At first, utilize the width of the 7th muscle to trim the 6th muscle. The width of the 7th muscle was less than that of the 6th muscle. According to the method we provided, the thicker 7th muscle could be carefully trimmed gradually, taking the 6th muscle as a reference. When the remaining part of the 6th muscle reached 1/3 of the 7th muscle, the position could be used as the starting point for slicing. When trimming, retaining several body segments at the same time was helped to adjust the parallelism between the tangent plane and the muscle (Fig. 2D), and this process could be done with a sharp glass knife or double-sided blade.

Then remove the two ends of 6/7 muscles. The NMJ boutons were not distributed at both ends of the 6/7 muscles. A recommended empirical value was to remove about 1/5 of the two ends, which can save 40% of the workload. We used to slice the A1–A3 and A2–A3 segments at the same time to get more NMJ boutons under TEM, but due to the sample was too long and narrow, it was not conducive to ultrathin sectioning and collecting the sections on the copper grid. Therefore, it was an efficient strategy to collect enough ultrastructural NMJ boutons between 6 and 7 at single A2 or A3 segment that was commonly used to count the number of NMJ boutons in the conventional literatures under a confocal microscopy.

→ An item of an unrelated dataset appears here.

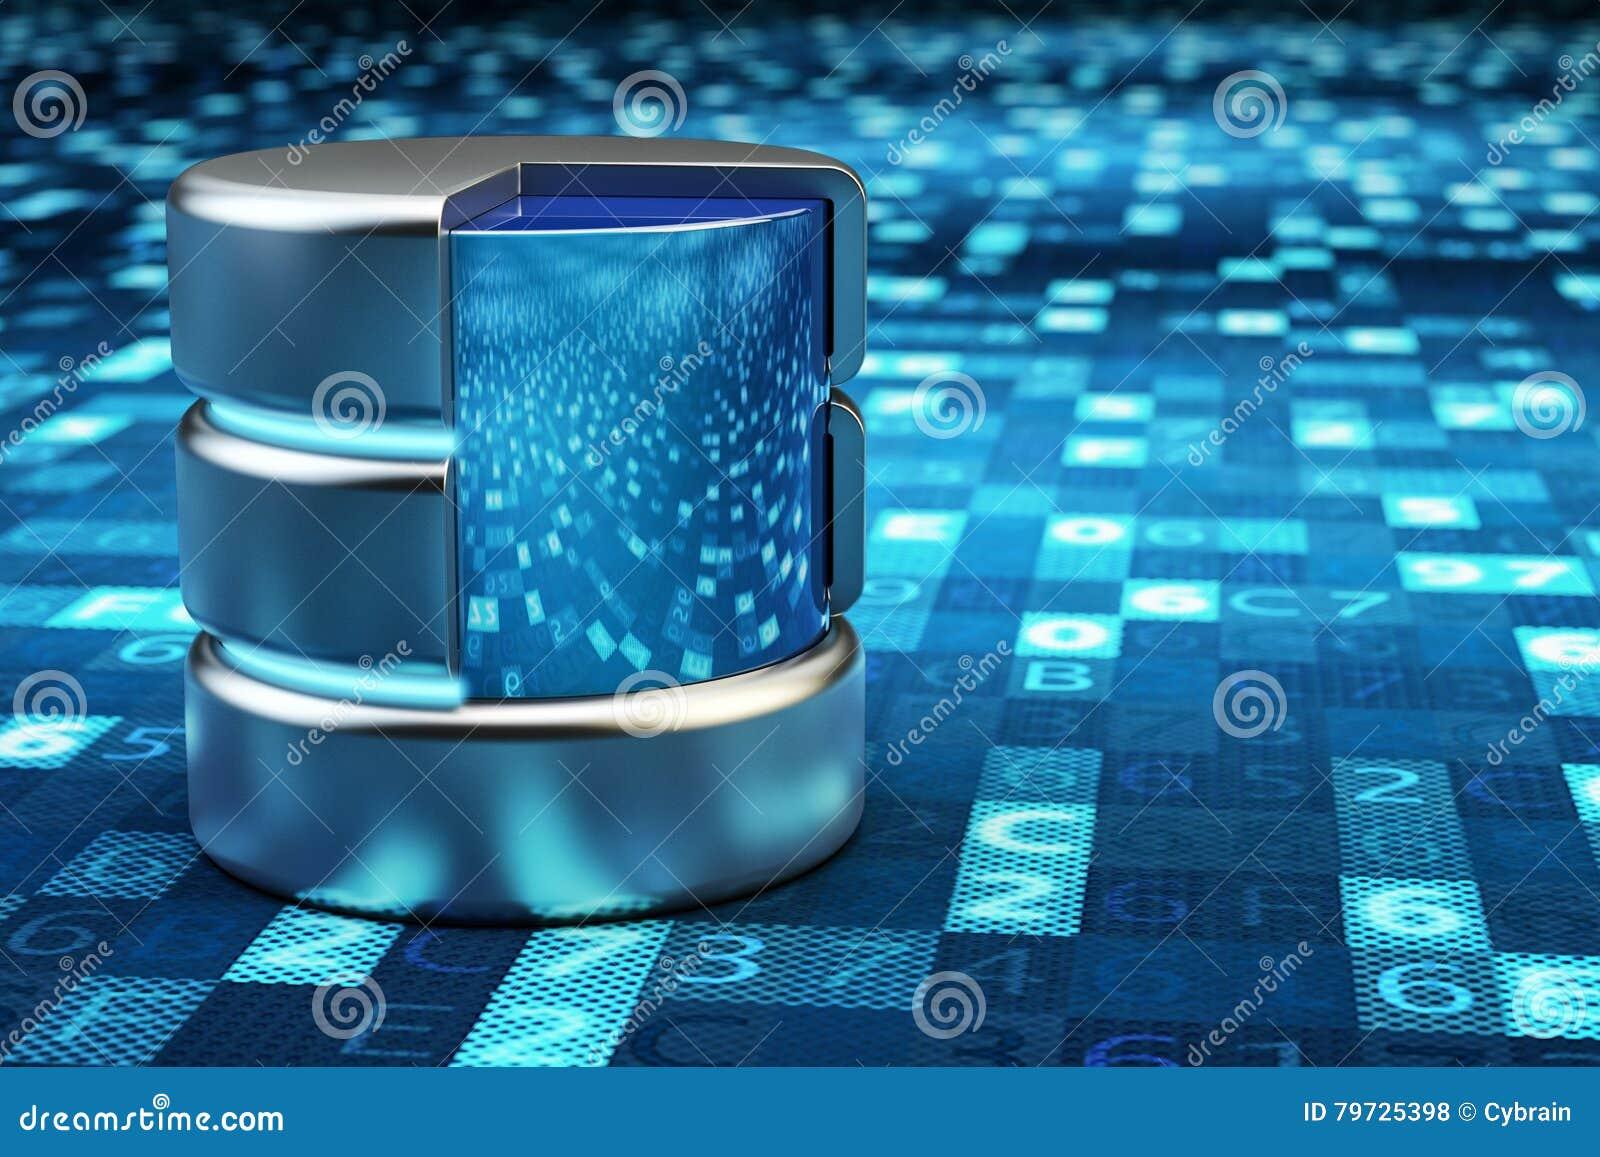 Almacenamiento de datos remotos, computación de la nube, servidor de datos de la red y concepto de la informática

At last, remove as much resin as possible outside the sample. Generally, to fully polymerize the sample in the resin, a small amount of resin would be left around the sample (Fig. 2E, F). Careful trimming of the excess resin could also reduce the workload exponentially (Fig. 2E–H). The most perfect trimming surface was that the resin was close but did not touch the sample (Fig. 3A-A’), on which surface the NMJ boutons were distributed (Fig. 3B, C). Since the stratum corneum did not have NMJ bouton, it could be trimmed carefully (Fig. 2I–K, Fig. 3A). Finally, the long and narrow section was trimmed, and the thickness of the sample was about 100 microns (Fig. 2K, Fig. 3A).

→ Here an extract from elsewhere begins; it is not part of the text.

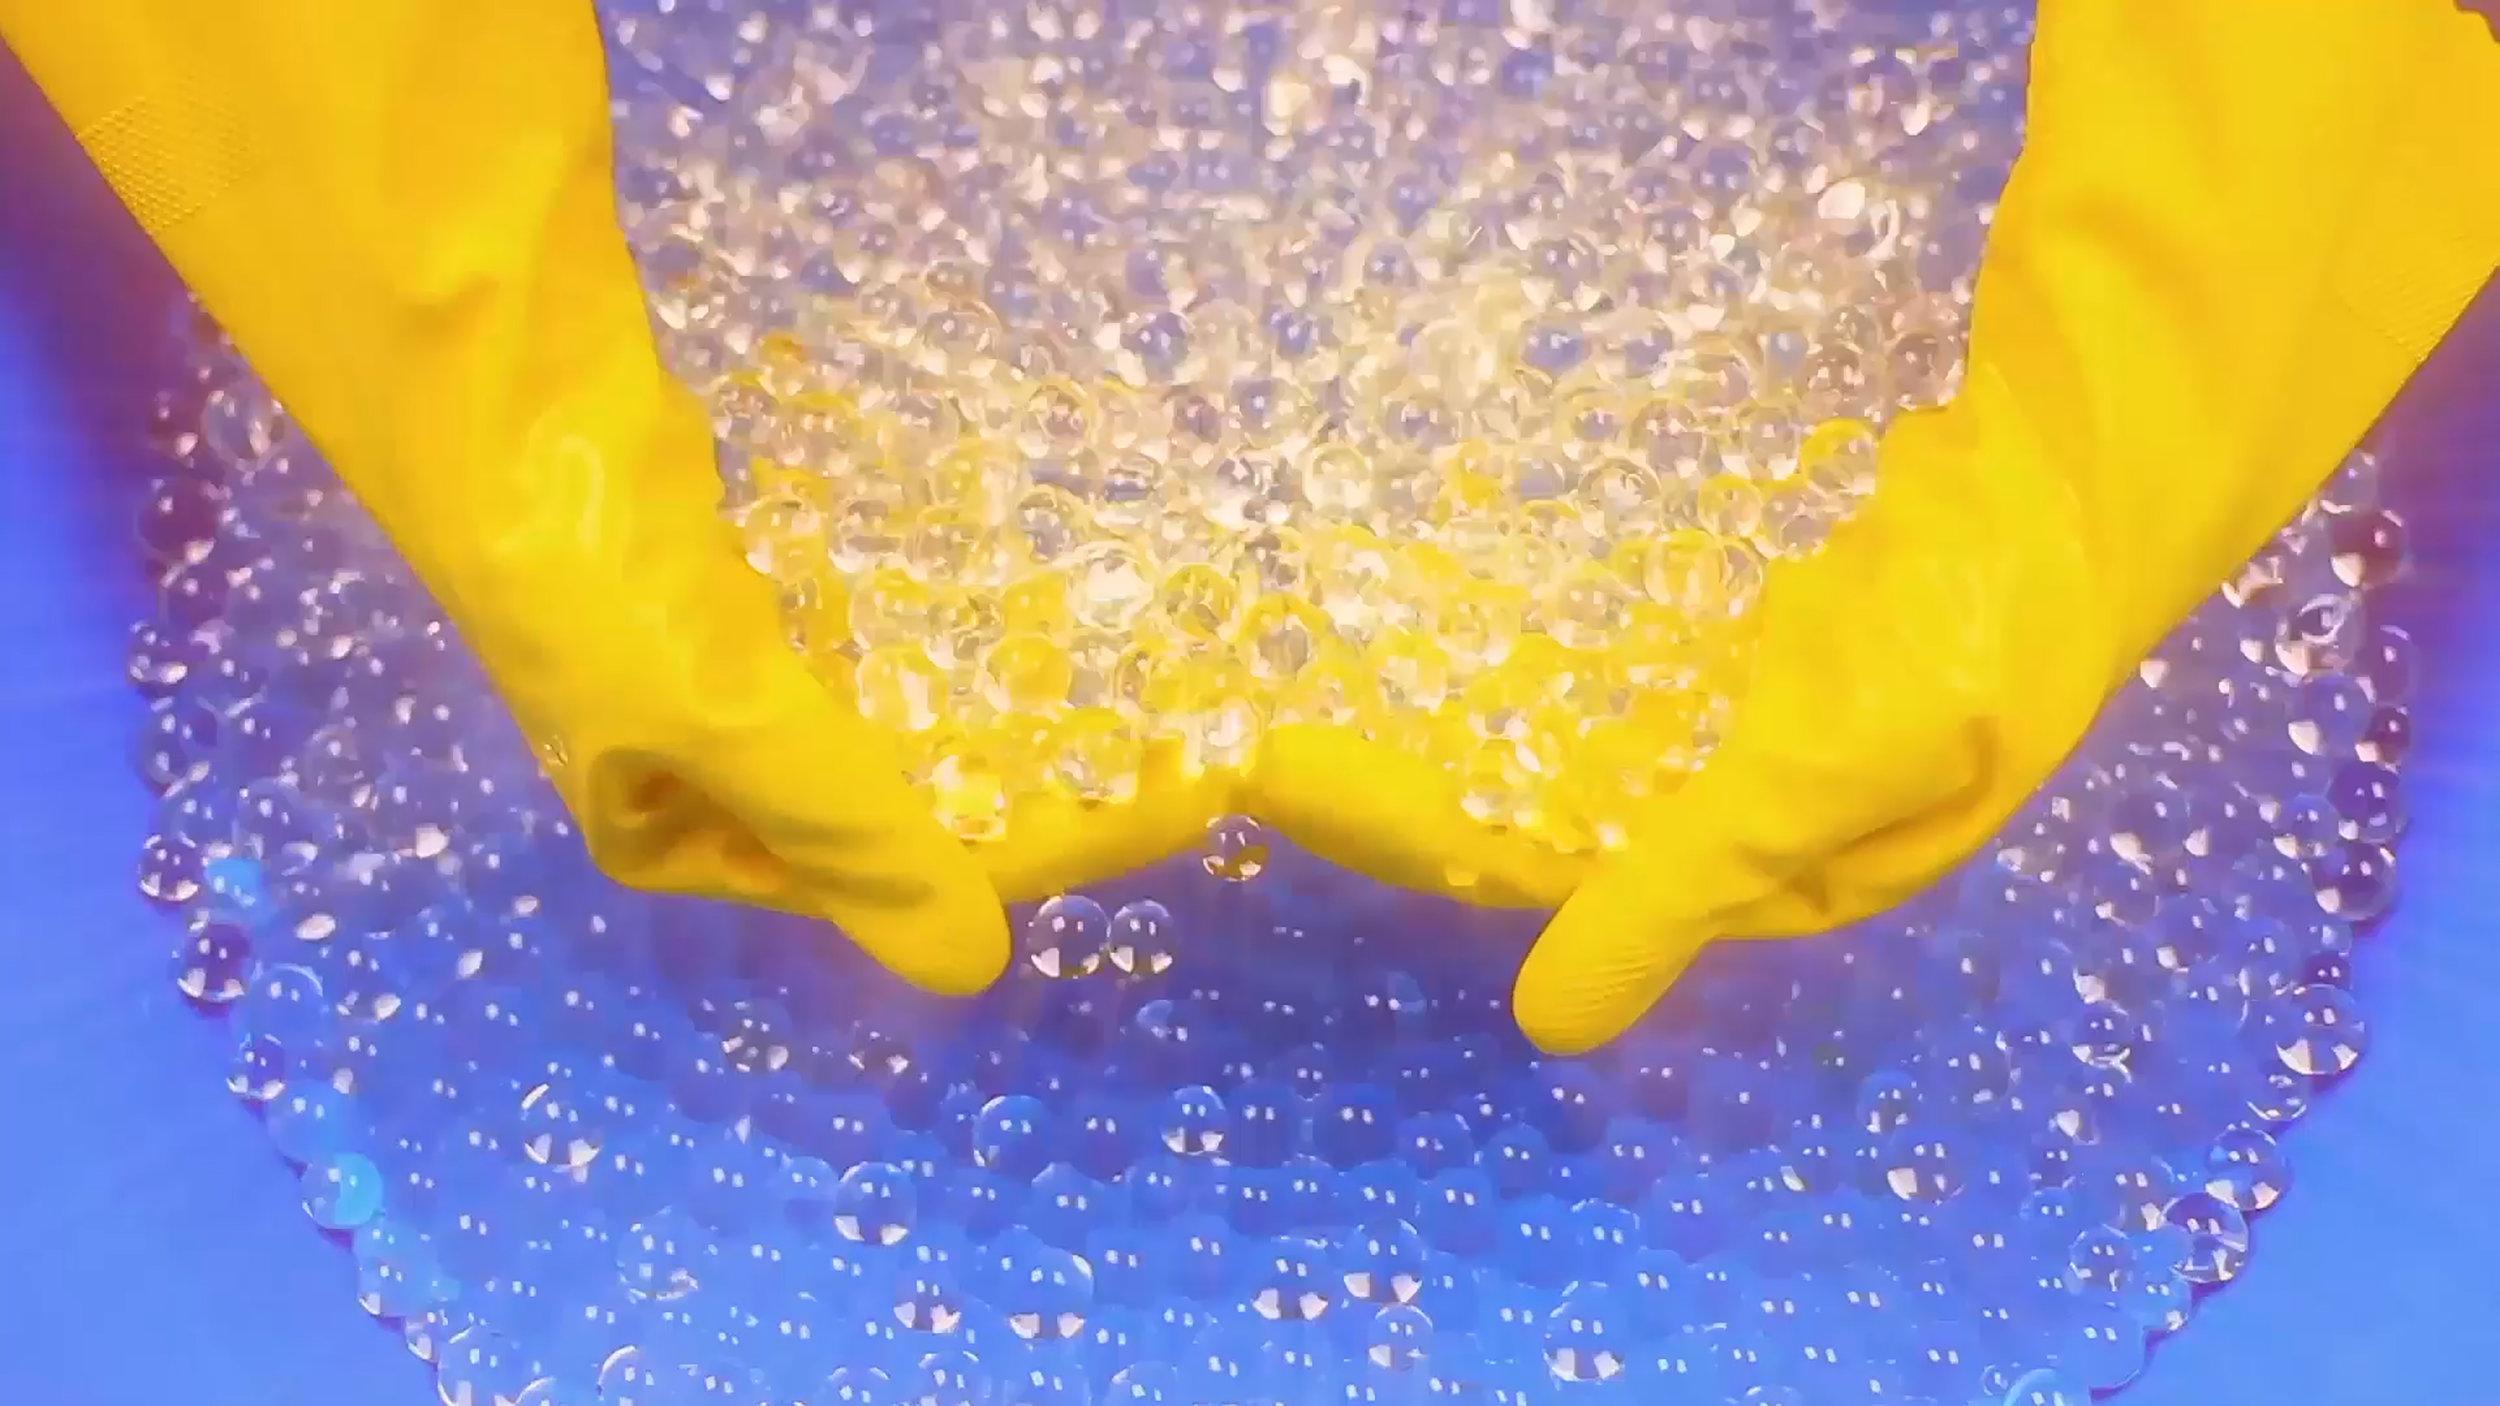 yellowHQstill.jpg

This method had been applied in Drosophila larvae NMJ boutons in our previous research (Sun et al. 2011; Xing et al. 2014; Zhang et al. 2017), and it could significantly reduce the abrasion of diamond knives, the usage of copper grid, and the application of TEM by removing both ends of the 6th/7th muscles, the stratum corneum and its adjacent muscles. Furthermore, this method could also be applied to the small organs such as the Drosophila embryo, ventral nerve cord (Gan et al. 2014) and brain (Wu et al. 2017), as well as thin organs such as toads and frog’ flaky lungs (Guangming et al. 2020b) and skins (Guangming et al. 2017) we had done. It should also be applied to the others thin organs such as brain slices in future.